Schlaf G, Schieferdecker H L, Rothermel E, Jungermann K, Götze O
Abteilung für Immunologie, Georg-August-Universität Göttingen, Germany.
Lab Invest. 1999 Oct;79(10):1287-97.
The C5-anaphylatoxin (C5a) is a protein of 74 (human) or 77 (rat) amino acid residues, respectively, which is generated by limited proteolysis upon activation of the fifth component of complement. Its generation may be induced by both the classical and alternative pathways. C5a has been shown to indirectly increase glucose output from hepatocytes (HC) in perfused rat liver by inducing prostanoid release from Kupffer cells (KC) and hepatic stellate cells (HSC). A direct action of C5a on hepatocytes would require their expression of the specific C5a receptor (C5aR). In former studies using quantitative reverse transcription polymerase chain reaction (RT-PCR) it was shown that HC lack this receptor in contrast to KC, HSC and, probably, sinusoidal endothelial cells (SEC), all of which contained mRNA for the C5aR in decreasing amounts. Using a novel monoclonal antibody (mAb R63) against the rat receptor, expression of the rat receptor on the four cell types was investigated by FACS analysis, immunohistochemistry, and immunocytochemistry. The data obtained were confirmed by functional studies in which the Ca2+ response after stimulation of the isolated cells with recombinant rat C5a (rrC5a), the ligand for the receptor was recorded. The FACS and the immunocytochemical data presented here clearly indicate that rat HC do not express the C5aR, whereas KC have the highest expression level followed by HSC. SEC expressed the receptor only weakly. In line with these findings, a strong Ca2+ response was observed after stimulation of KC and HSC, and a weak one with SEC. However, no signal was obtained upon stimulation of HC. The results of this study support the indirect stimulation of glucose output from HC via prostanoid release from nonparenchymal liver cells and contradict the formerly proposed hypothesis of a direct action of C5 anaphylatoxin on hepatocytes.

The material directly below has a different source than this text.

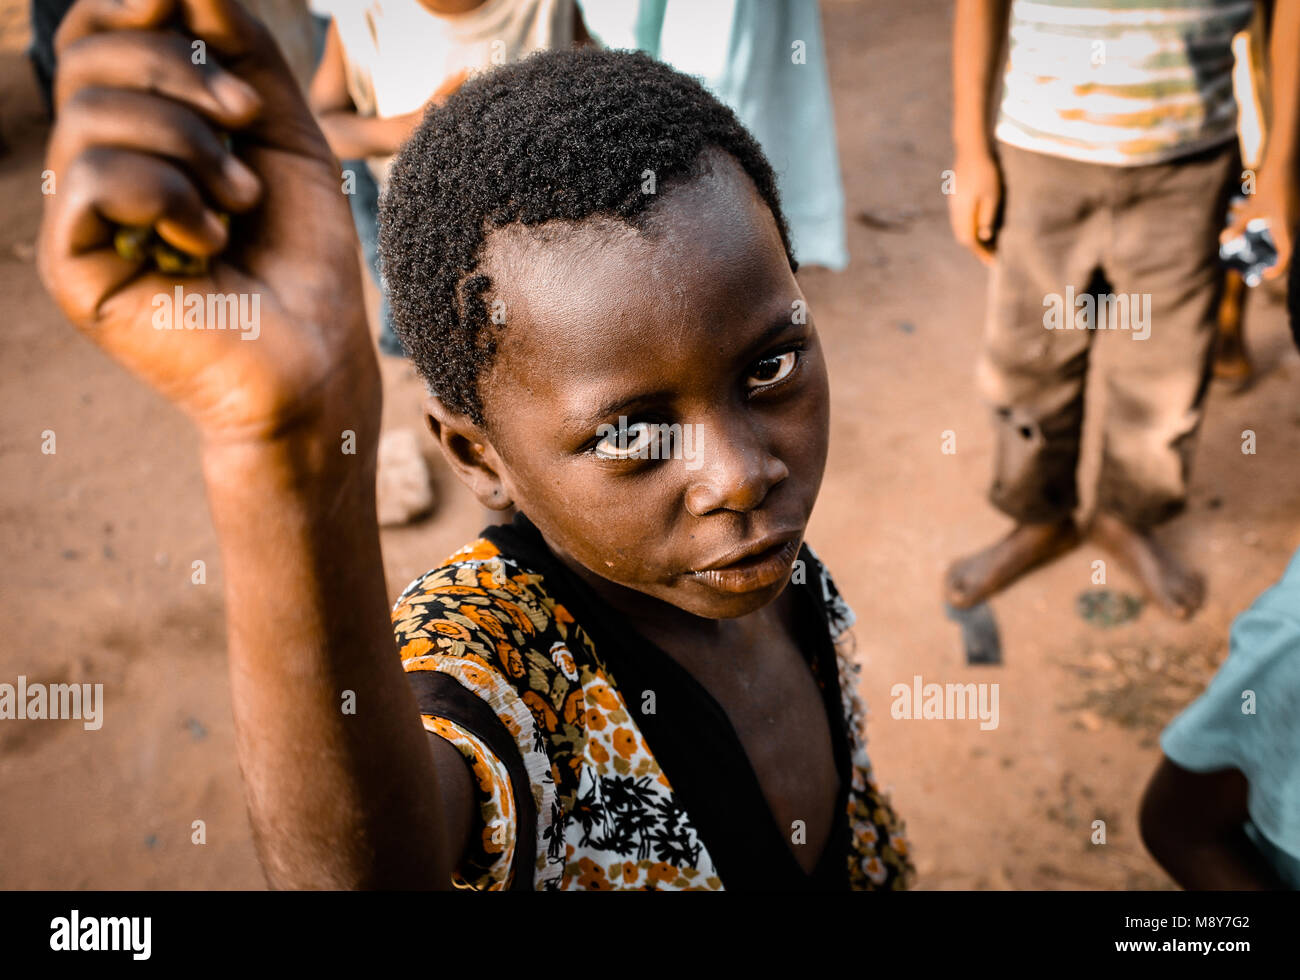 Un niño de color Africana pide ayuda como se retrata fijamente mirando a la lente de la cámara, en una aldea cerca de Watamu, Kenya, Africa. Foto de stock

C5过敏毒素(C5a)是一种分别由74个(人类)或77个(大鼠)氨基酸残基组成的蛋白质,它是在补体第五成分激活后通过有限的蛋白水解作用产生的。其产生可由经典途径和替代途径诱导。已表明C5a通过诱导库普弗细胞(KC)和肝星状细胞(HSC)释放类前列腺素,间接增加灌注大鼠肝脏中肝细胞(HC)的葡萄糖输出。C5a对肝细胞的直接作用需要其表达特异性C5a受体(C5aR)。在以前使用定量逆转录聚合酶链反应(RT-PCR)的研究中表明,与KC、HSC以及可能的窦状内皮细胞(SEC)相比,HC缺乏这种受体,所有这些细胞都含有数量递减的C5aR mRNA。使用一种针对大鼠受体的新型单克隆抗体(mAb R63),通过荧光激活细胞分选(FACS)分析、免疫组织化学和免疫细胞化学研究了大鼠受体在这四种细胞类型上的表达。通过功能研究证实了所获得的数据,在功能研究中记录了用重组大鼠C5a(rrC5a)(该受体的配体)刺激分离细胞后的Ca2+反应。此处呈现的FACS和免疫细胞化学数据清楚地表明,大鼠HC不表达C5aR,而KC的表达水平最高,其次是HSC。SEC仅微弱表达该受体。与这些发现一致,刺激KC和HSC后观察到强烈的Ca2+反应,刺激SEC后反应较弱。然而,刺激HC后未获得信号。本研究结果支持通过非实质肝细胞释放类前列腺素间接刺激HC的葡萄糖输出,与先前提出的C5过敏毒素对肝细胞直接作用的假设相矛盾。